# How much Activated Charcoal to use?



## twaburds (May 7, 2016)

Hi guys!

I am wondering how much activated charcoal to use to colour my soap black but so as not to colour the lather.

I have came across varying recommendations frm 1tsp ppo to 1tbsp ppo.

Does anyone have any advise?

Thanks!


----------



## kc1ble (May 7, 2016)

I used AC in one recipe so far at 1/2 teaspoon ppo.  The soap seemed a little gray at first, but I used it for the first time yesterday and after it got wet, it has turned back to black and looks great.  The lather was barely gray, if at all.


----------



## SuzieOz (May 7, 2016)

I used 3 teaspoons to 1 kg of oils in this recipe. Australian teaspoons are 5ml - not sure if it's the same elsewhere.  So approximately 1 1/2 teaspoons ppo.

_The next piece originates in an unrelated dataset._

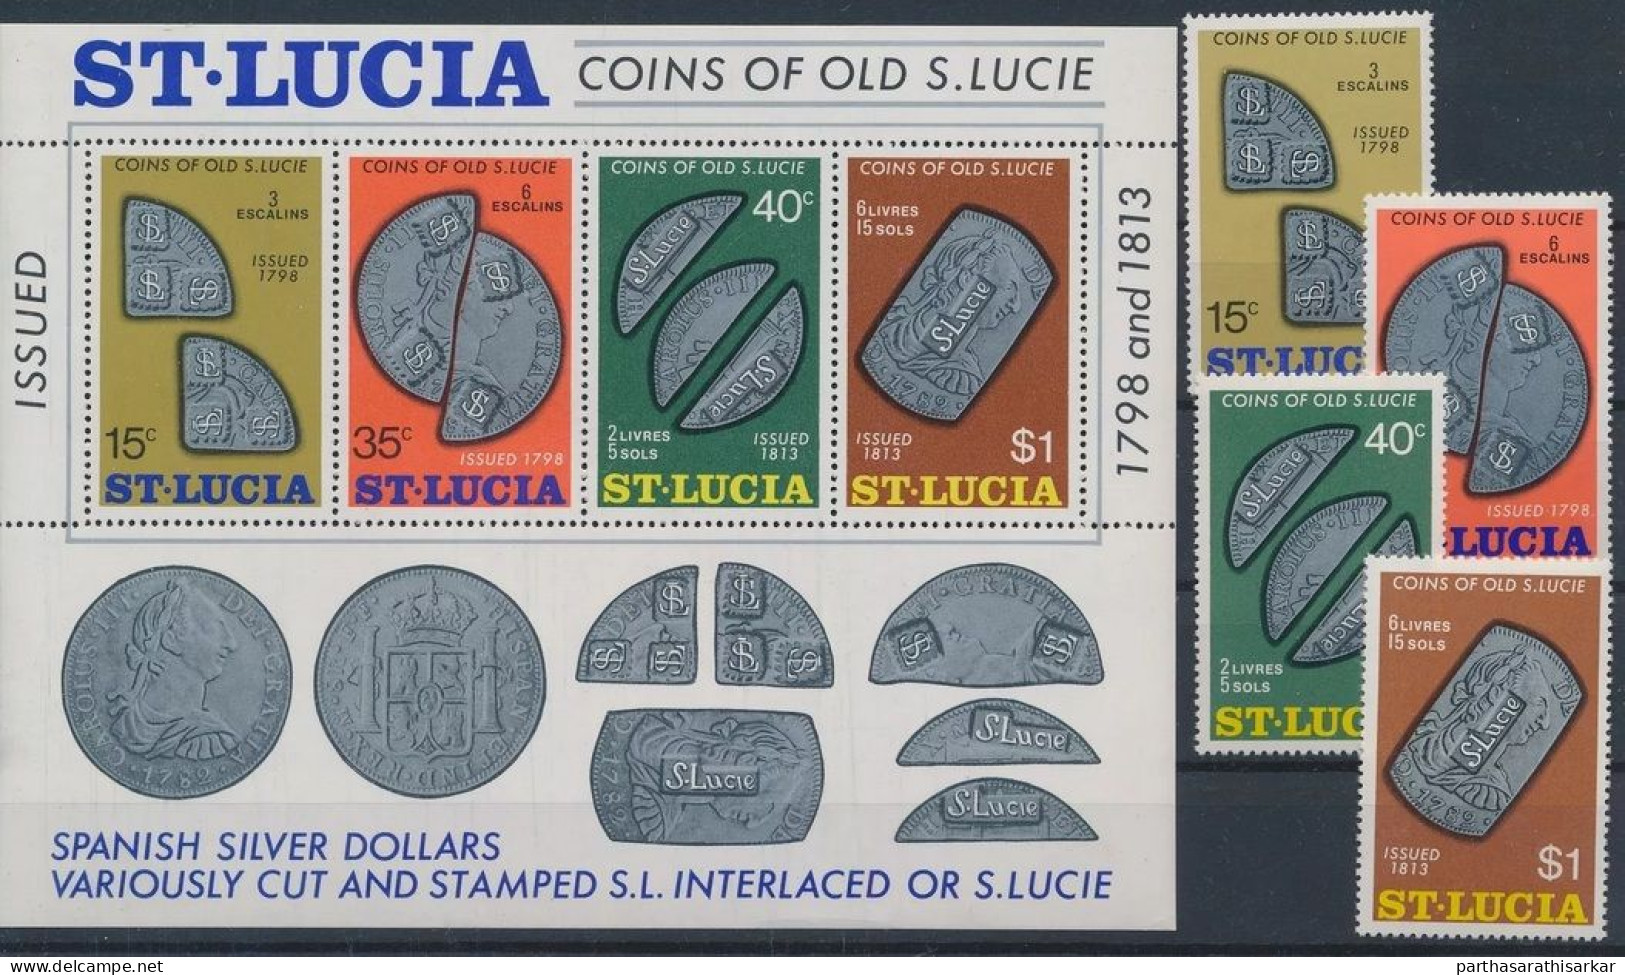 ST. LUCIA 1974 COINS OF OLD ST. LUCIA COMPLETE SET WITH MINIATURE SHEET MS MNH - Monnaies

The soap is quite dark as you can see, but doesn't have a grey lather.

Hope this helps


----------



## Spice (May 11, 2016)

I used 1 tbl sp for 56oz/3.5 lb batch. I thought it came out good. But I wonder what it would do if I doubled that amount. I've only made a couple of batches.


----------



## topofmurrayhill (May 12, 2016)

1 TBS ppo is more what I would call black. Less is gray or dark gray. But that much even in a swirl will bleed some grayish lather. It's all a compromise. For my own use I don't really care. If anyone else asks, you could say, "Oh, that means it's working!"


----------



## SuzieOz (May 12, 2016)

topofmurrayhill said:


> If anyone else asks, you could say, "Oh, that means it's working!"



Ah yes, I like that! Must remember it :razz:


----------



## penelopejane (May 22, 2016)

I discovered something about AC today. 

I make a bar for my son and I thought I had it all sorted out as a no fail easy soap to make!!!  Ha ha.  I will tell you all that if I can master this soap making then anyone can. 

I found out that if you SB the AC into the batter it turns about twice as dark as it would if you just hand stir the AC in. 

Picture one: 600g batter with 1tsp AC mixed with 1 tsp water and hand stirred into batter. 
Picture two: 450 g batter with 3/4 tsp AC mixed with 1 tsp water and hand stirred into batter. 
Picture three: 800g batter 1.25 tsp AC (so actually a fair bit less than pic 2) mixed with 1 tsp water and stickblended into batter. Black as black as black can be. It has confetti and deliberate salt in the mix of the top and bottom so just look at the black parts. 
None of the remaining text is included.